La génération perdue sous les bombes à Gaza : « J’espère que ceux qui viendront après moi auront la chance d’étudier et de rêver sans crainte »

Le signal Wi-Fi a été soudainement coupé alors que Leilian Hussein Hammad, 19 ans, était en plein examen universitaire, dans un café du centre de Gaza. « J'ai essayé de rester calme, mais je n'ai pu reprendre l'examen que deux heures plus tard. Heureusement, c'était toujours dans le délai qu'ils nous avaient donné », explique-t-il à ce journal dans une interview réalisée via WhatsApp. « Les problèmes de connexion Internet ou la crainte qu'il y ait un bombardement à proximité, malgré le cessez-le-feu en vigueur, me stressent bien plus que les questions d'examen. » Cette jeune femme, qui est en première année de droit, aurait dû commencer l'université en octobre 2023, mais a passé deux ans sans aller en cours, période durant laquelle elle a été contrainte de se déplacer une dizaine de fois avec sa famille, originaire du nord de la Bande. « Maintenant, je suis très en retard et cela me frustre beaucoup », dit-il depuis la ville de Deir el Balah, où ses parents ont réussi à louer un petit appartement « sans portes ni fenêtres dans lequel il est très difficile de trouver un endroit pour se concentrer et étudier ».
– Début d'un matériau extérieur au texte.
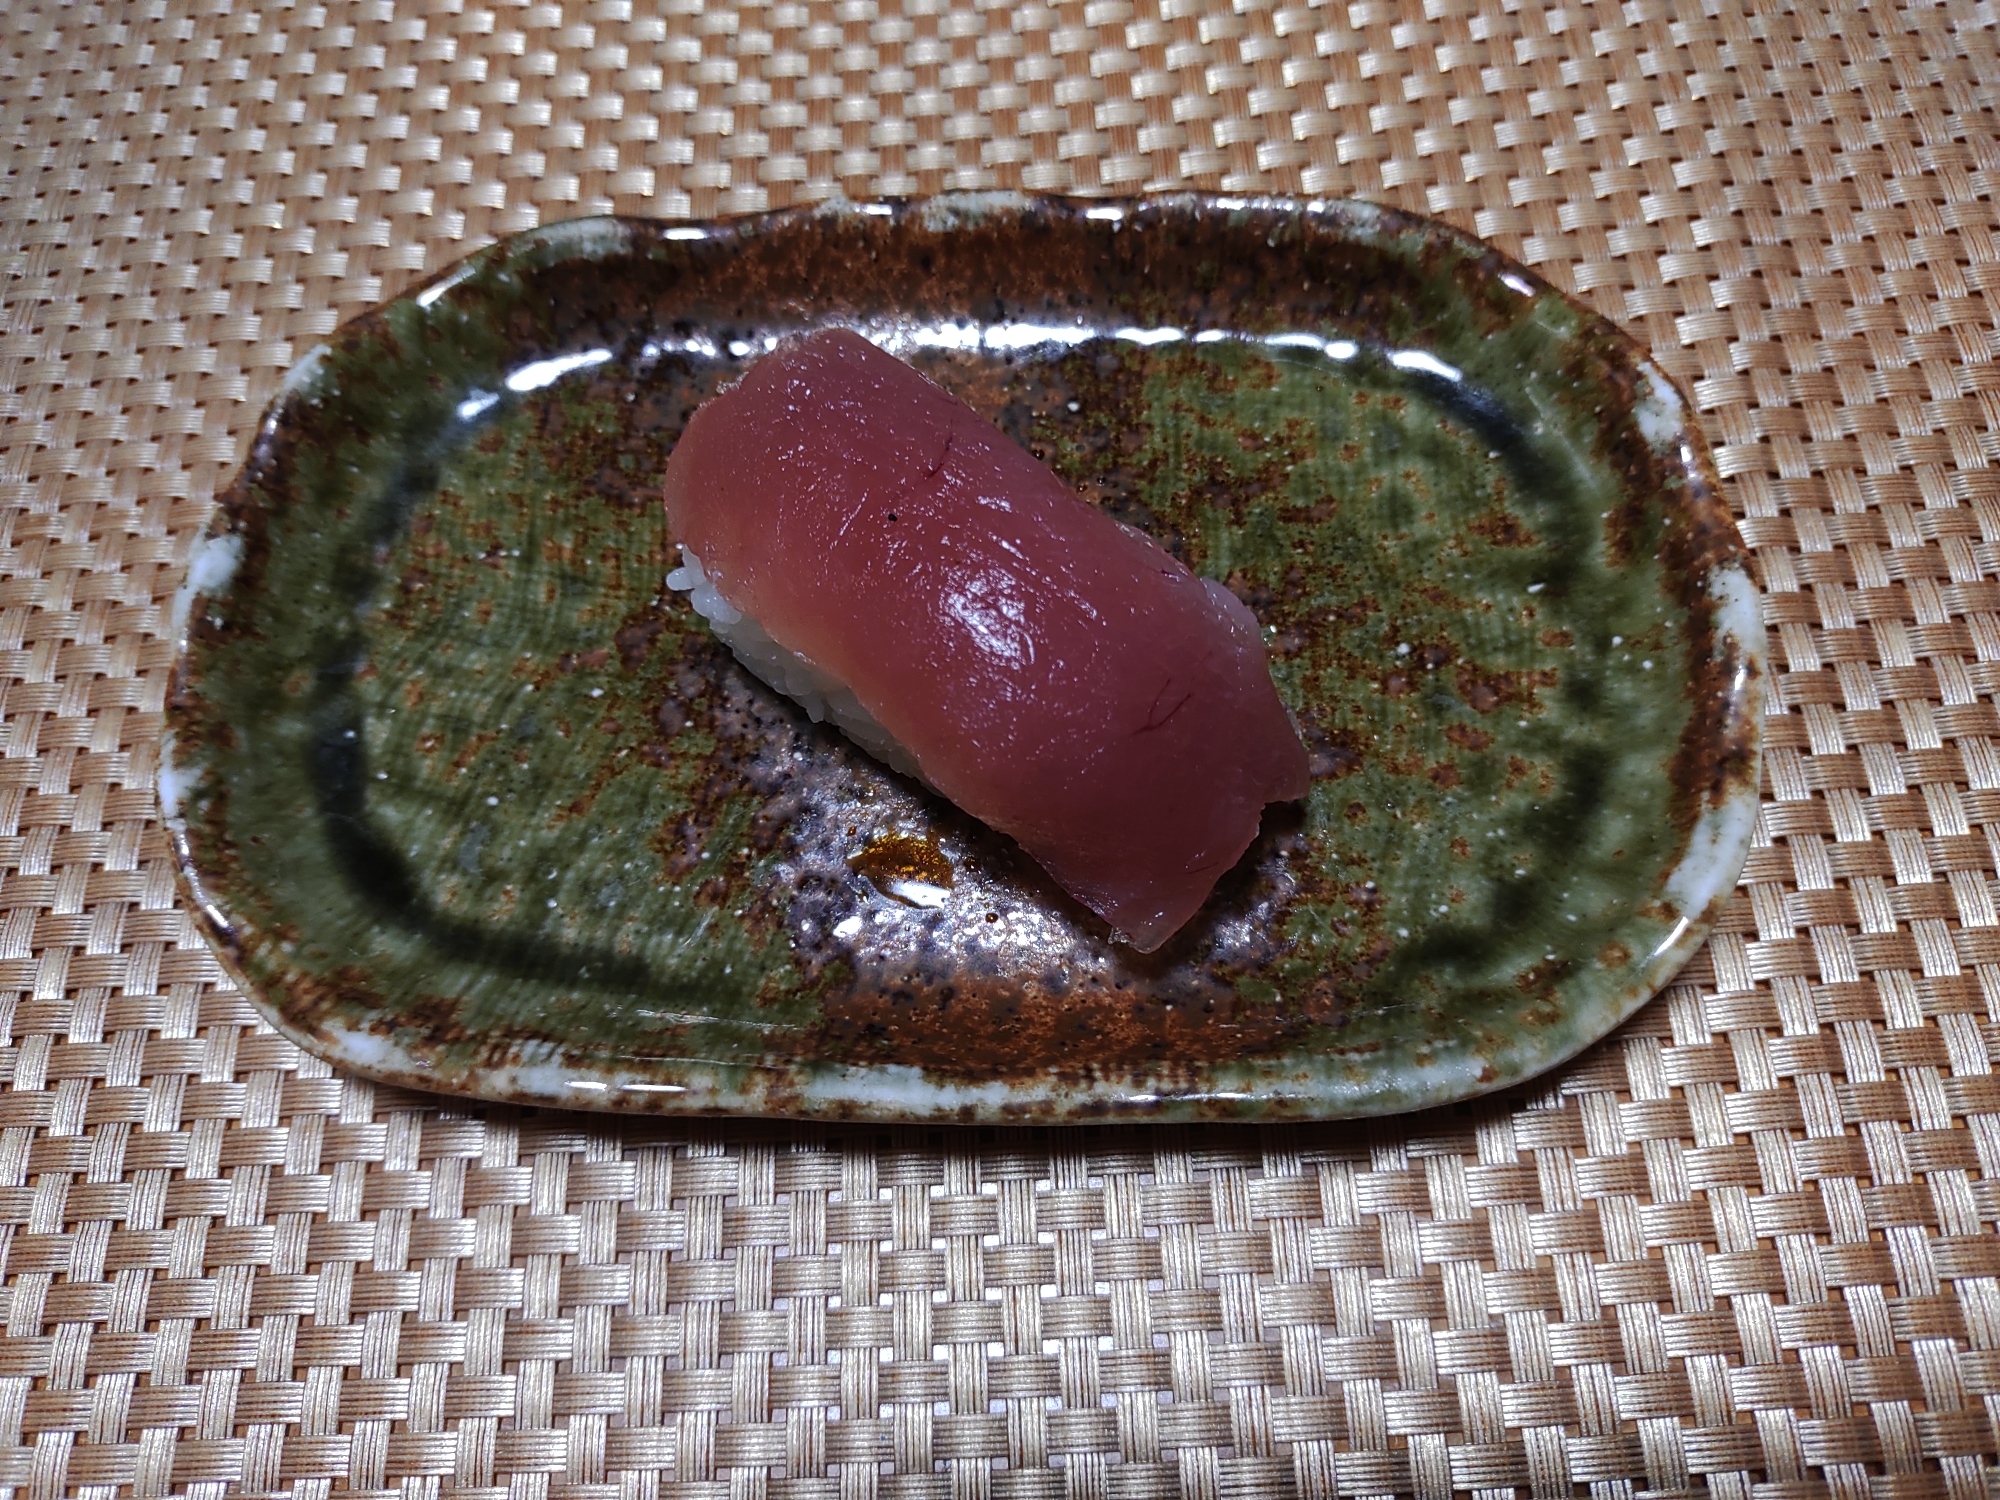 マグロの握り寿司

Une enquête internationale dirigée par l’Université de Cambridge et publiée cette semaine parle d’Hammad et de nombreux autres étudiants dans une situation similaire, qui met en garde contre le risque sérieux d’émergence d’une « génération perdue » à Gaza après deux années de bombardements qui ont pulvérisé des écoles et des universités, ont causé des centaines de morts parmi les étudiants et les enseignants et ont provoqué un impact psychologique sur la jeunesse encore difficile à évaluer.

Les problèmes de connexion Internet ou la crainte qu'il y ait un bombardement à proximité, malgré le cessez-le-feu en vigueur, me stressent bien plus que les questions d'examen.
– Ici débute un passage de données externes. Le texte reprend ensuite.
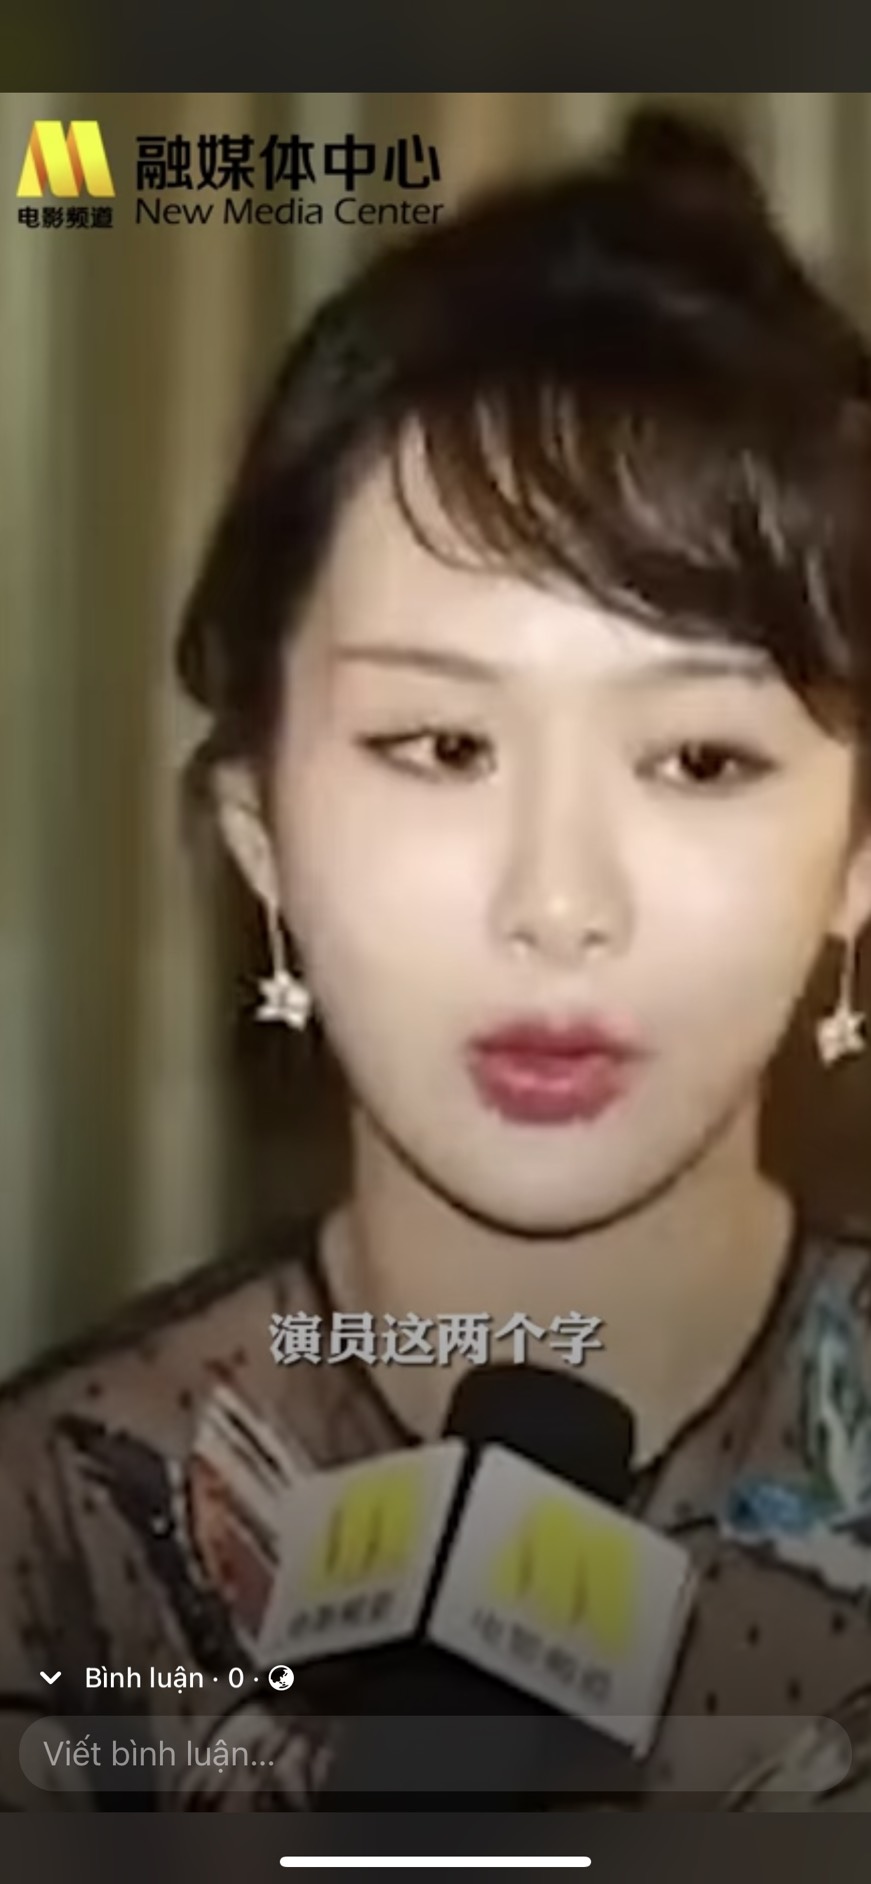 Dương Tử cũng là 1 trong 4 nghệ sĩ xuất hiện trong video này

Leilian Hussein Hammad, étudiant palestinien

« Il n'y a pas un jour où je ne me sens pas divisée. Une partie de moi regarde autour de moi et veut tout abandonner ; une autre partie me dit que je suis capable et que je dois continuer à étudier au milieu de ces difficultés, même si rien n'indique que cela va s'améliorer dans un avenir proche », dit la jeune fille. « J’espère que ceux qui me succéderont auront la chance d’étudier et de rêver sans crainte. »

Selon le Bureau de coordination des affaires humanitaires (OCHA) de l'ONU, au moins 18 069 écoliers et 780 enseignants dans la bande de Gaza ont perdu la vie et plus de 26 391 étudiants et 3 211 enseignants ont été blessés depuis octobre 2023. « Les Palestiniens ont montré une volonté extraordinaire de ne pas abandonner l'éducation, mais le découragement des jeunes devrait être un grand signal d'alarme pour la communauté internationale. à l'éducation. éducation. Au total, Israël a tué au moins 71 000 Gazaouis en deux ans après que le mouvement islamiste palestinien Hamas a mené des attaques sanglantes sur son territoire, au cours desquelles quelque 1 250 personnes sont mortes.

Au bord de l’effondrement total

Selon l'ONU, plus de 91 % des écoles de Gaza (518 sur un total de 564) devront être reconstruites pour pouvoir être réutilisées et seulement 38 % des élèves du primaire et du secondaire de la bande de Gaza ont pu accéder à tout type d'apprentissage au cours des deux dernières années, ce qui, selon les auteurs de cette étude, est sur le point « d'effacer le droit des enfants à l'éducation et, avec lui, leur propre identité ». « Les étudiants ont l’impression d’avoir été tués simplement parce qu’ils sont Gazaouis », a déclaré à l’équipe de recherche un membre d’une organisation internationale.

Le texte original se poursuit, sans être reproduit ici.